List:       oss-security
Subject:    [oss-security] Expat 2.6.2 released, includes security fixes
From:       Alan Coopersmith <alan.coopersmith () oracle ! com>
Date:       2024-03-15 16:57:05
Message-ID: 397f9357-0f60-45d2-b150-573028178755 () oracle ! com
[Download RAW message or body]

https://blog.hartwork.org/posts/expat-2-6-2-released/ (published 2024-03-13)
announces the release of Expat 2.6.2, with security fixes:

> Regarding actual release content, most importantly, this release fixes the
> security issue CVE-2024-28757 that can be used to cause denial of service
> for code like…
> 
>     XML_Parser parser = XML_ParserCreate(NULL);
>     XML_Parser ext_parser
>       = XML_ExternalEntityParserCreate(parser, NULL, NULL);
>     enum XML_Status status
>       = XML_Parse(ext_parser, doc, (int)strlen(doc), XML_TRUE);
> 
> …where all input is sent to the external parser and none to the parent
> regular parser.
> 
> The commit message of commit 1d50b80cf31de87750103656f6eb693746854aa8
> explains the problem and solution in more detail.
> 
> There is also a bugfix to reject direct parameter entity recursion and to
> avoid the related undefined behavior.
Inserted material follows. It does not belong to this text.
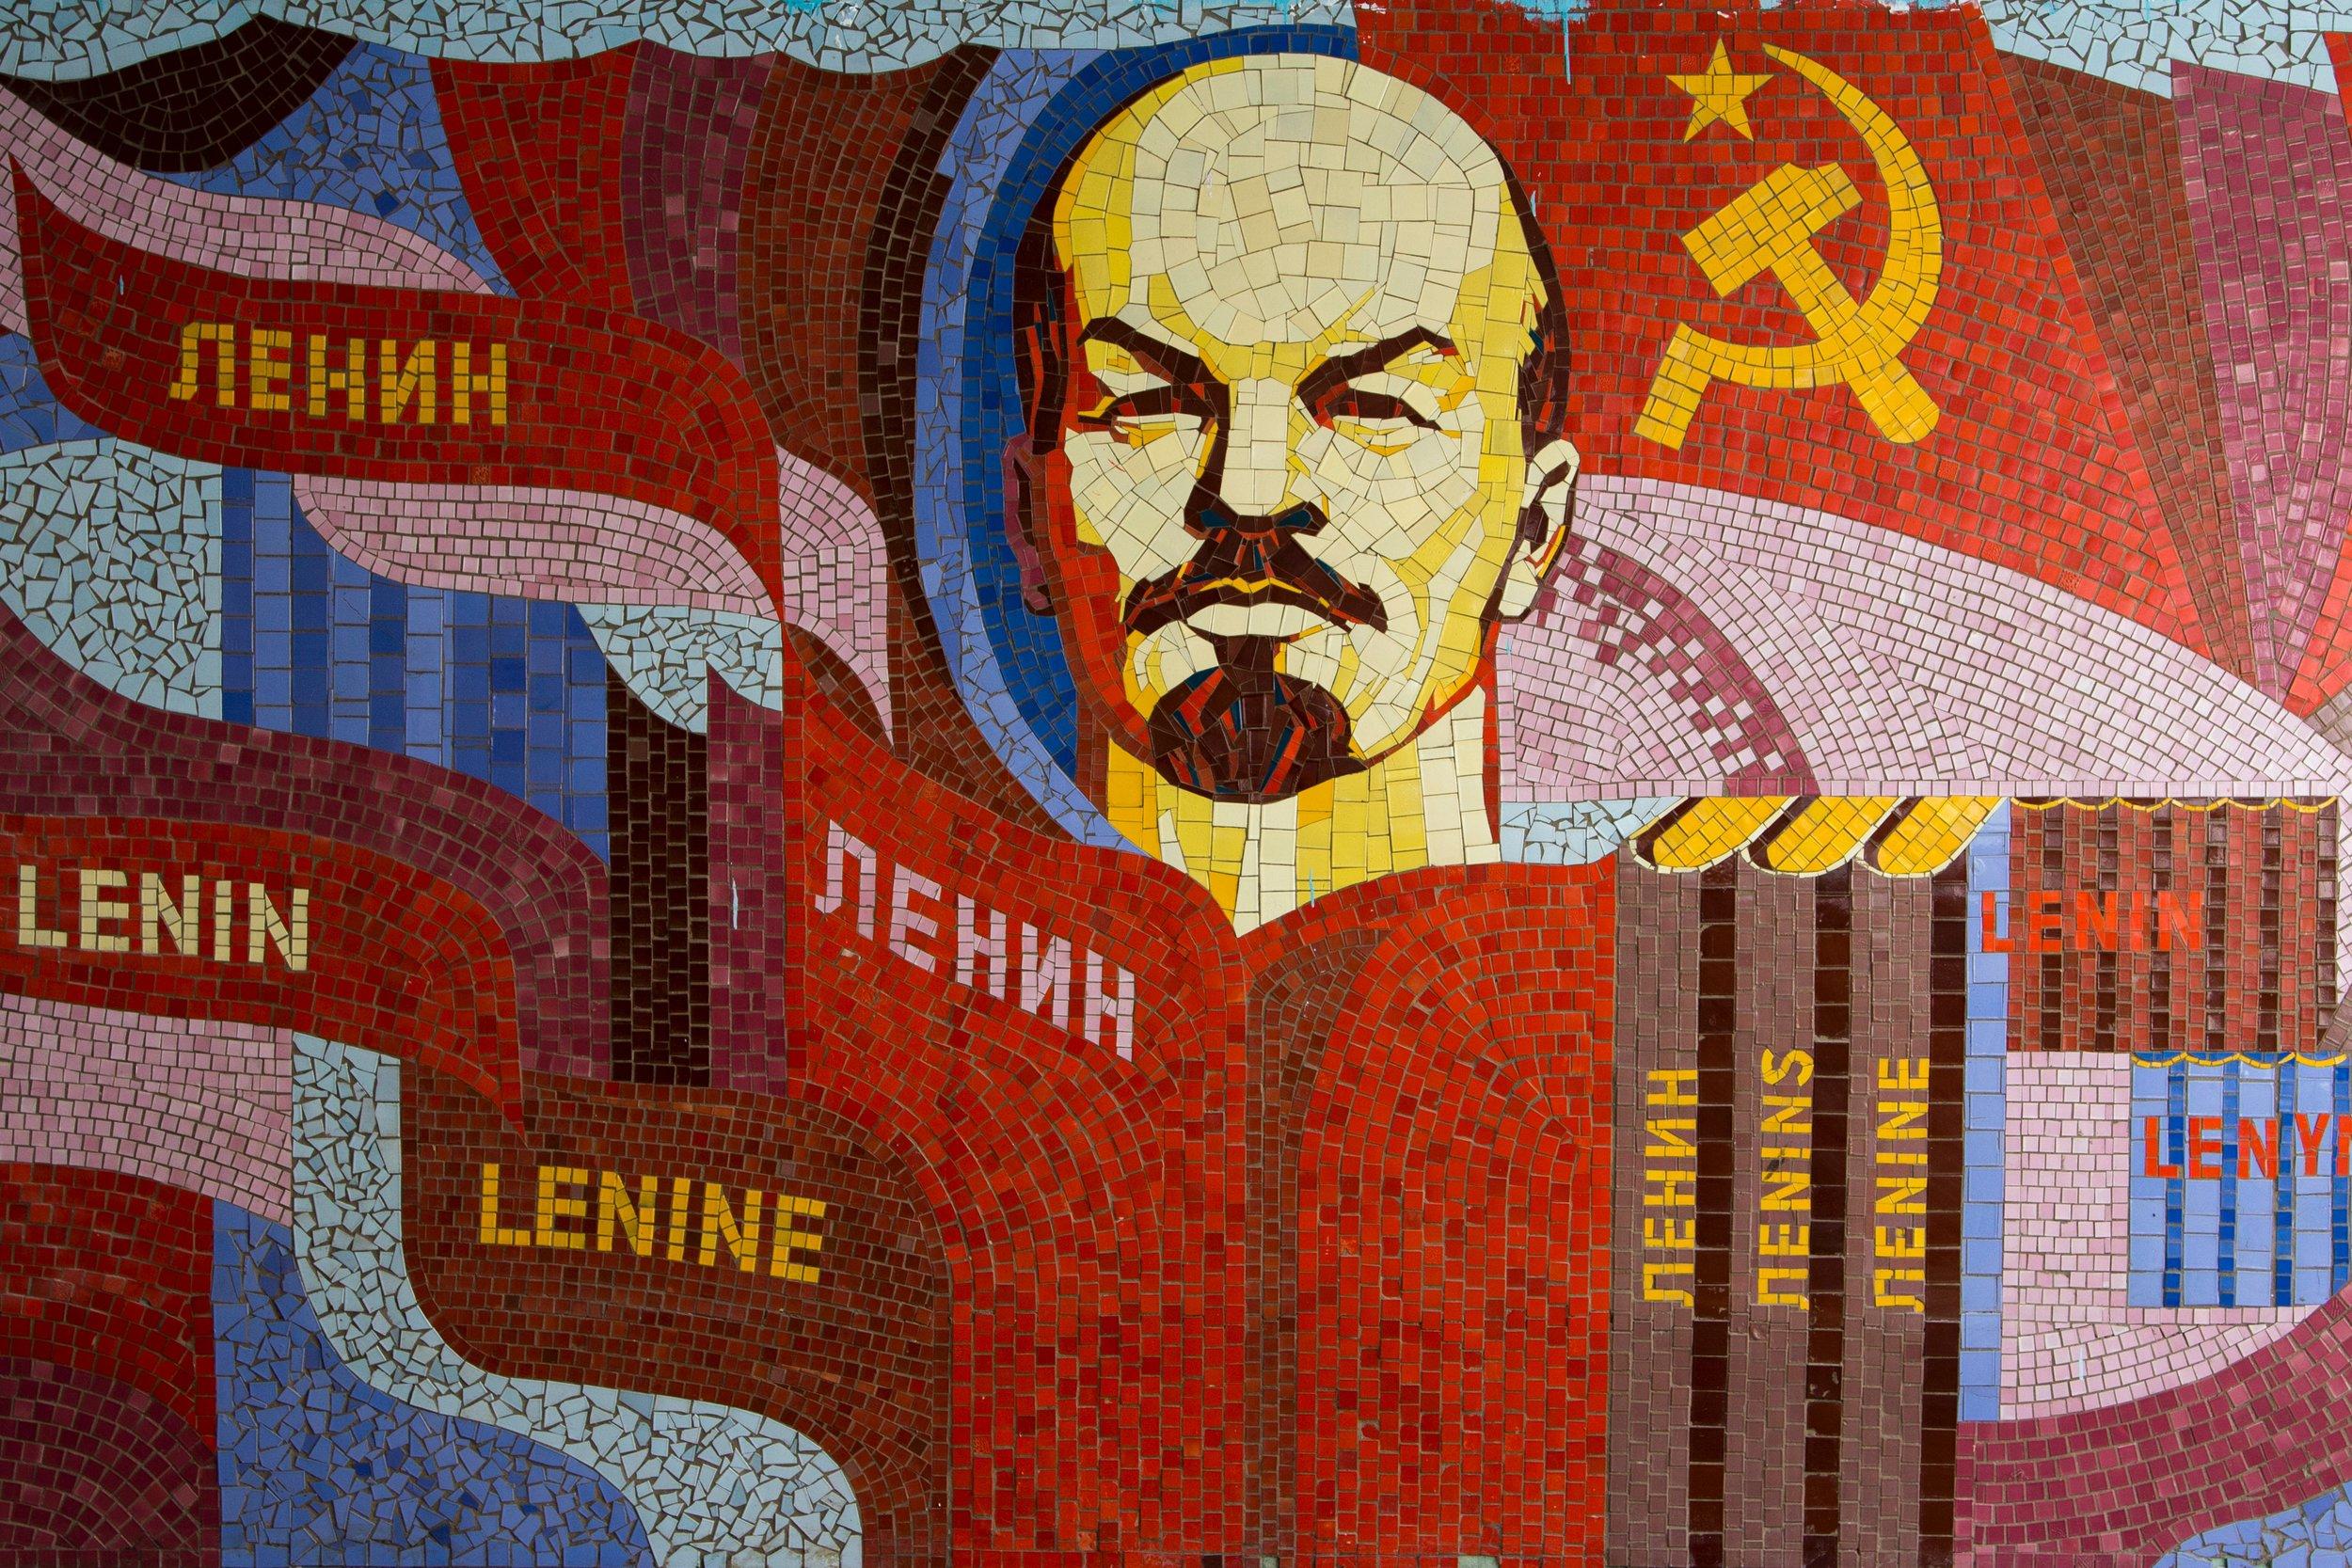 Communism & Historical Memory -

The issue was uncovered by
> ClusterFuzz/OSS-Fuzz after 20+ years of being unreported; that speaks
> volumes for the value of fuzzing.

Further details on CVE-2024-28757 and its fix can be seen at:
   https://github.com/libexpat/libexpat/issues/839
   https://github.com/libexpat/libexpat/pull/842
   https://github.com/libexpat/libexpat/commit/1d50b80cf31de87750103656f6eb693746854aa8
   https://github.com/libexpat/libexpat/commit/072eca0b72373da103ce15f8f62d1d7b52695454

The blog also points to the call for help maintaining libexpat in the Changelog
at https://github.com/libexpat/libexpat/blob/R_2_6_2/expat/Changes which notes
that items that need someone to work on include:

!! - <blink>fixing a complex non-public security issue</blink>,              !!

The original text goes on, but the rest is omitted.